I when I type the following command into cygwin:
bin/nutch index crawl/crawldb crawl/linkdb crawl/segment/*
then the binary works fine. When I place the exact same line into my bash script:
#!/bin/bash/
bin/nutch index crawl/crawldb crawl/linkdb crawl/segment/*
I get an error saying some files don't exist. This may be specific to Nutch which is the program I'm running, but I think it has more to do with how I'm calling the command in the script.
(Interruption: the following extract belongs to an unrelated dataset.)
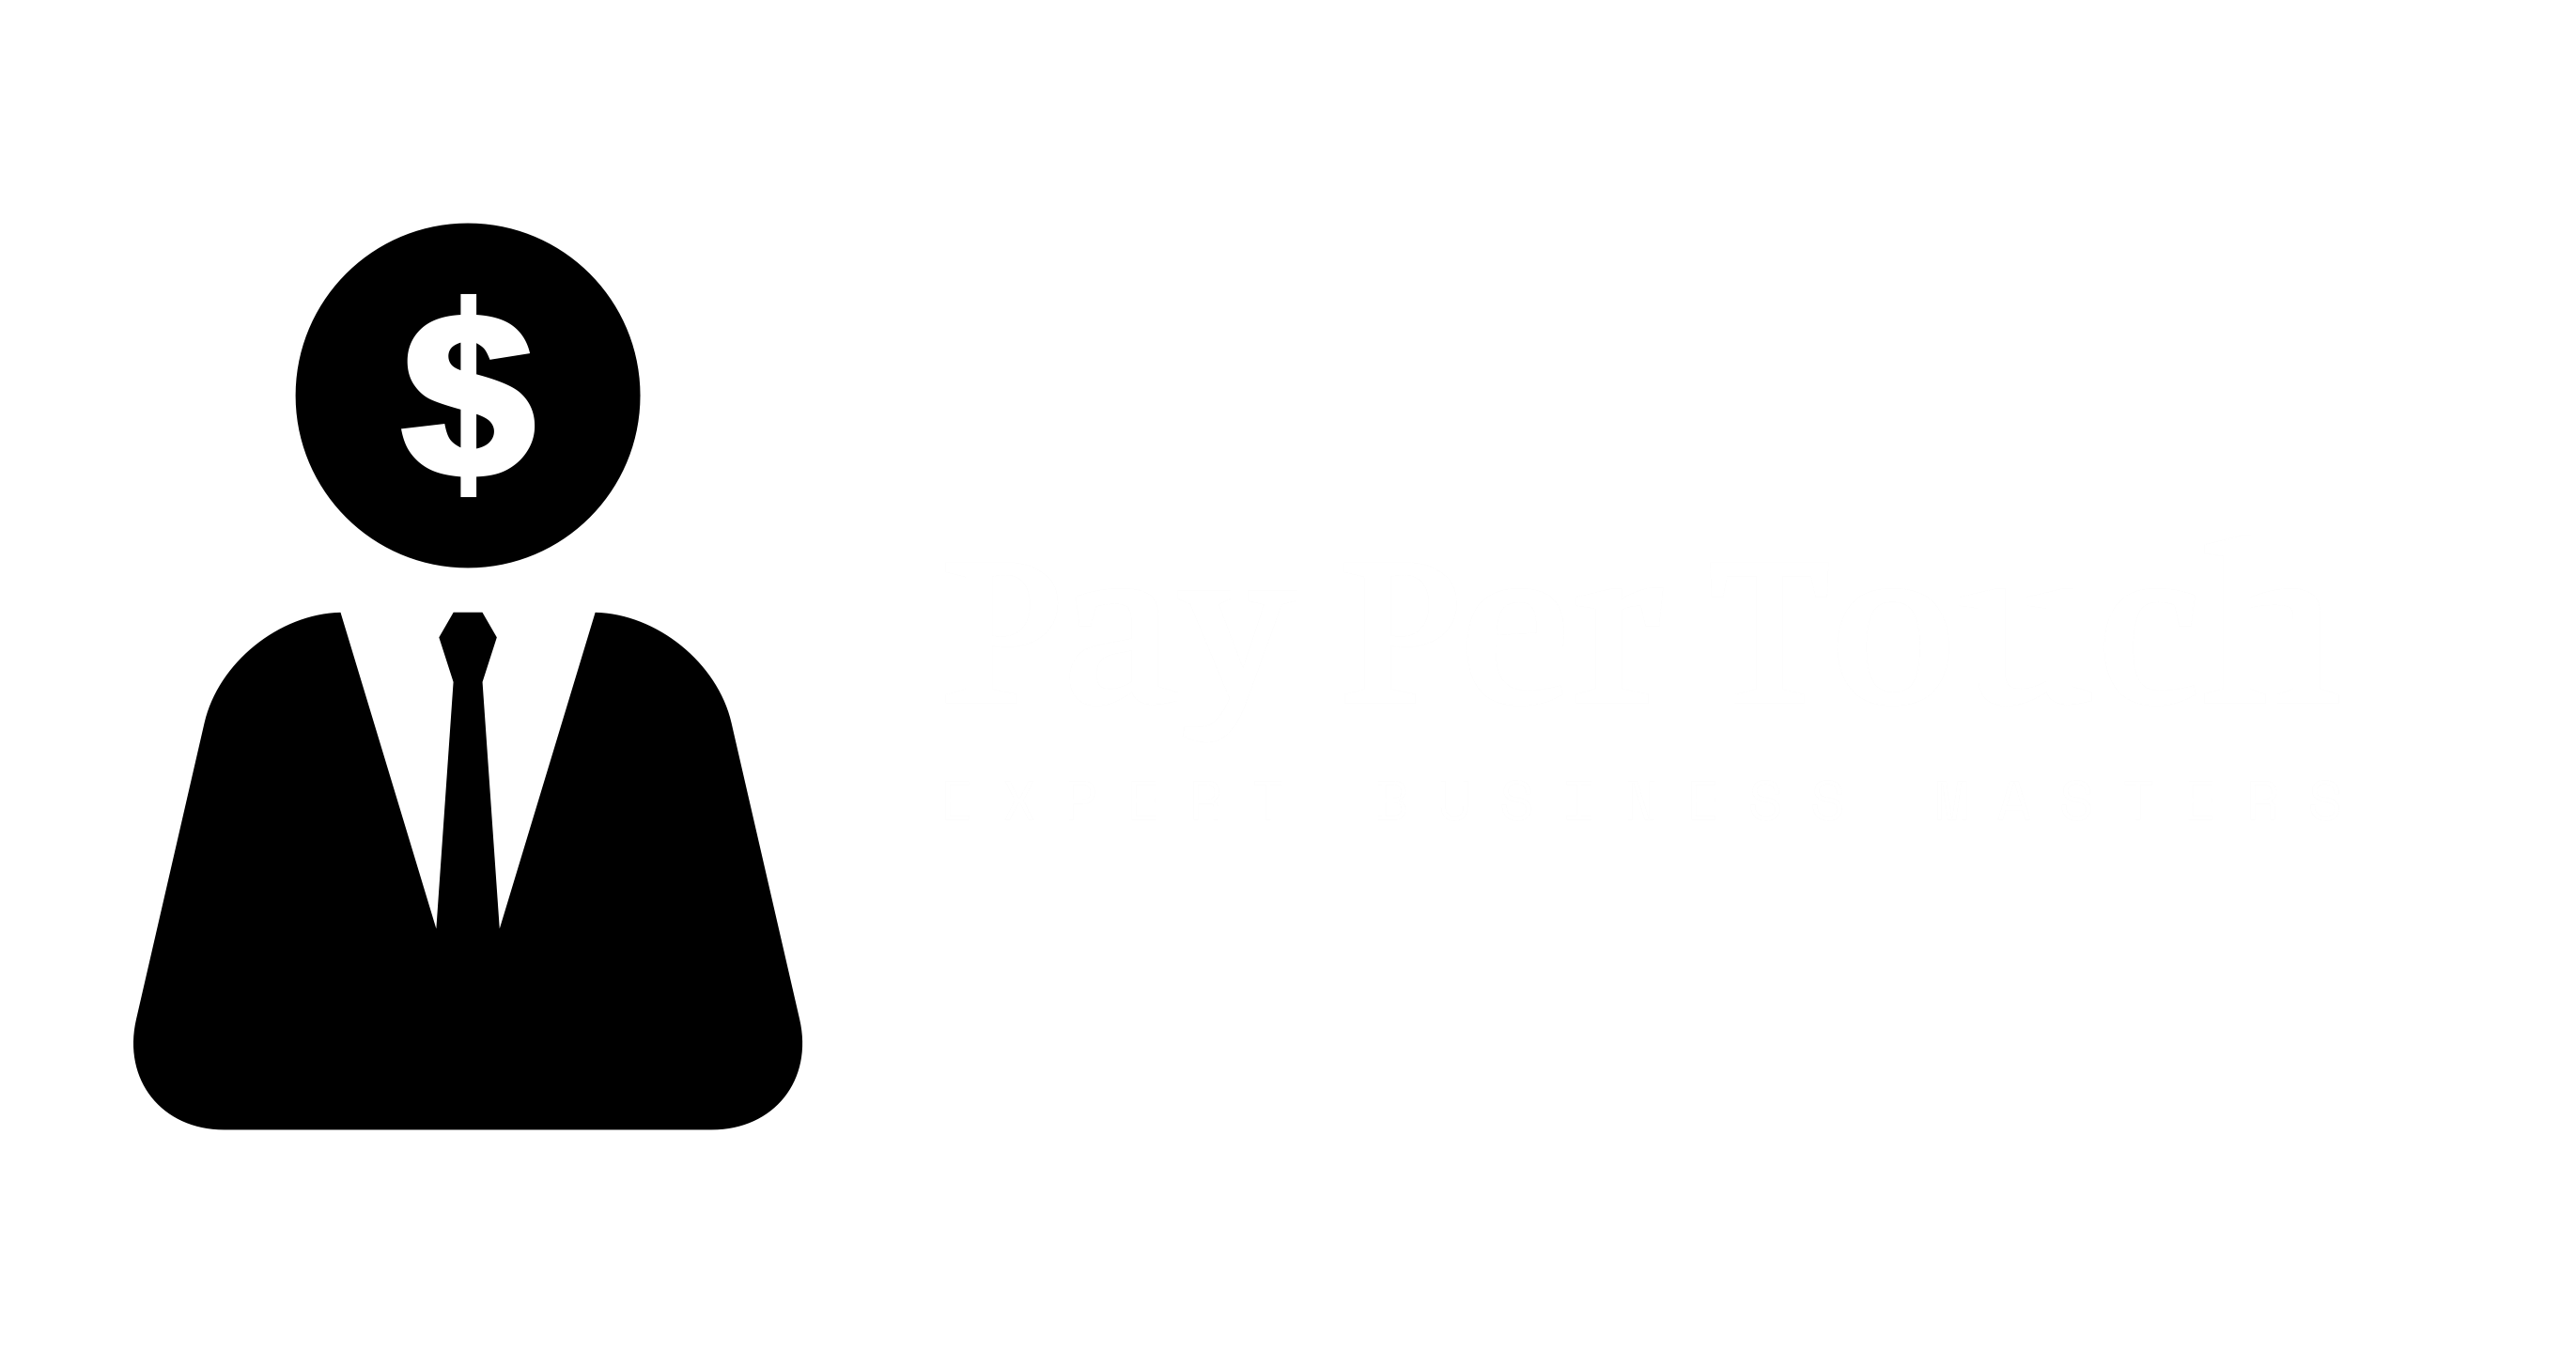 Pay Per Touch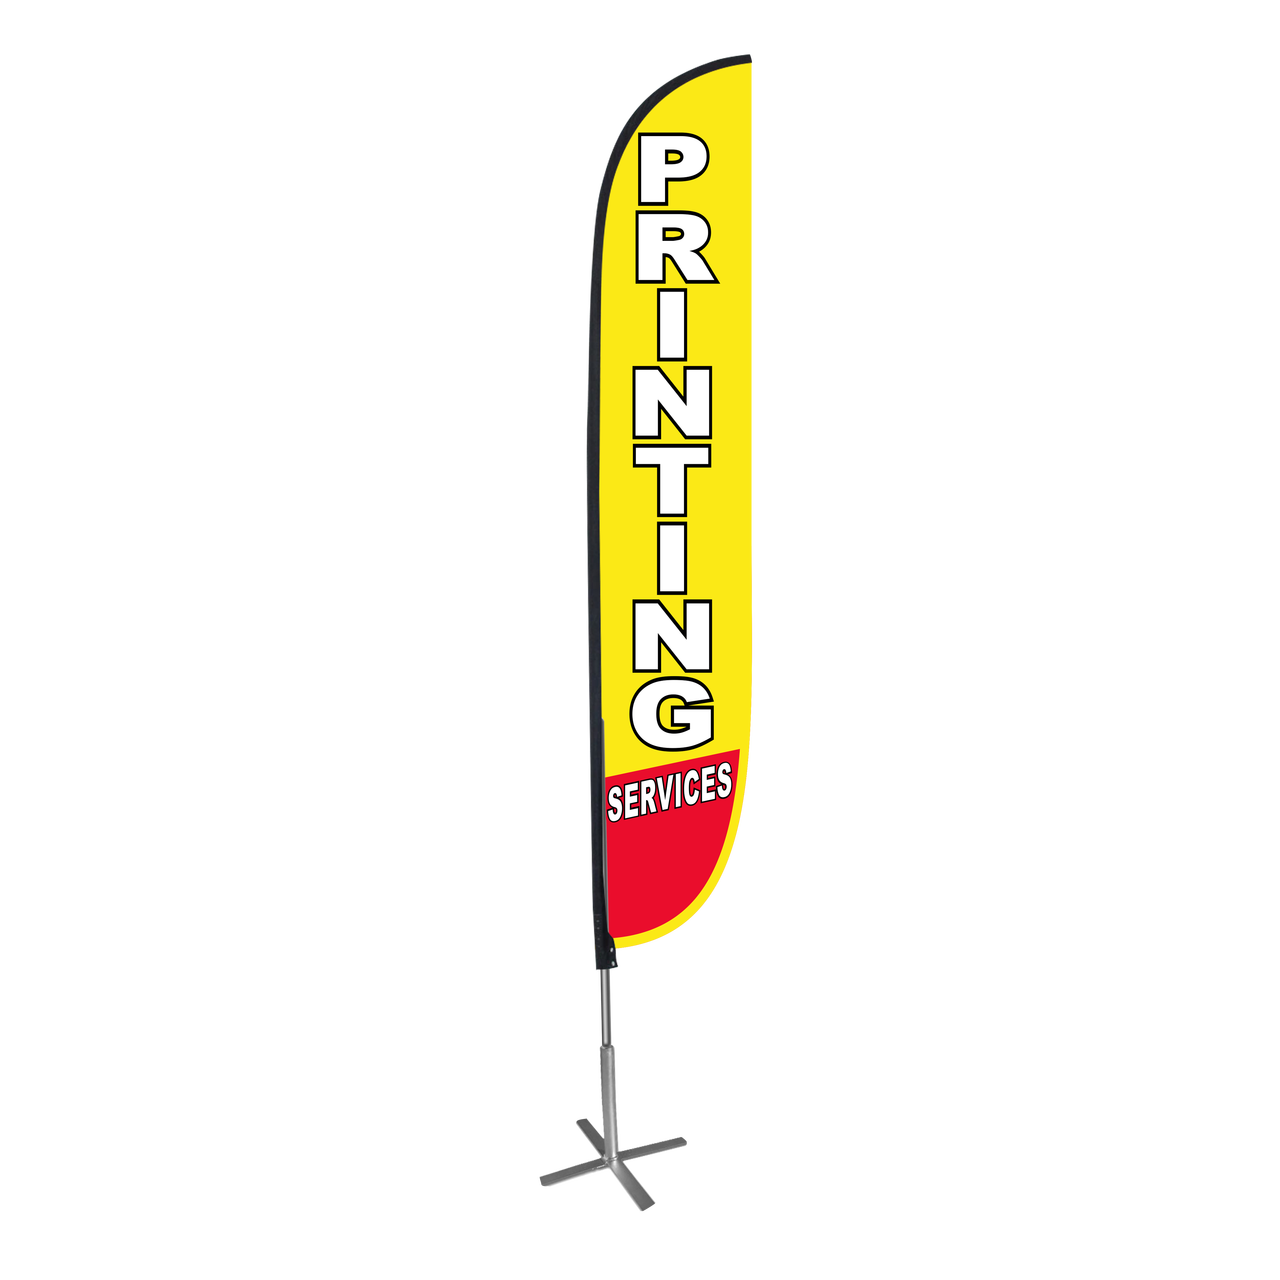 12ft Printing Services Feather Flag Yellow

Any ideas about what's wrong and how to fix this? (yes I'm using tab completion)
EDIT:
Script:
#!/bin/bash
/home/Dan/apache-nutch-1.2/bin/nutch index crawl/indexes crawl/crawldb crawl/linkdb crawl/segments/*
I run the command:
$ pwd
/home/Dan/apache-nutch-1.2
$ ./nutch.sh
The output I'm getting is:
Indexer: starting at 2010-11-29 15:15:44
Indexer: org.apache.hadoop.mapred.InvalidInputException: Input path does not exist: file:/C:/cygwin/home/Dan/apache-nutch-1.2/
/crawl_fetch
Input path does not exist: file:/C:/cygwin/home/Dan/apache-nutch-1.2/
/crawl_parse
Input path does not exist: file:/C:/cygwin/home/Dan/apache-nutch-1.2/
/parse_data
Input path does not exist: file:/C:/cygwin/home/Dan/apache-nutch-1.2/
/parse_text
at org.apache.hadoop.mapred.FileInputFormat.listStatus(FileInputFormat.java:190)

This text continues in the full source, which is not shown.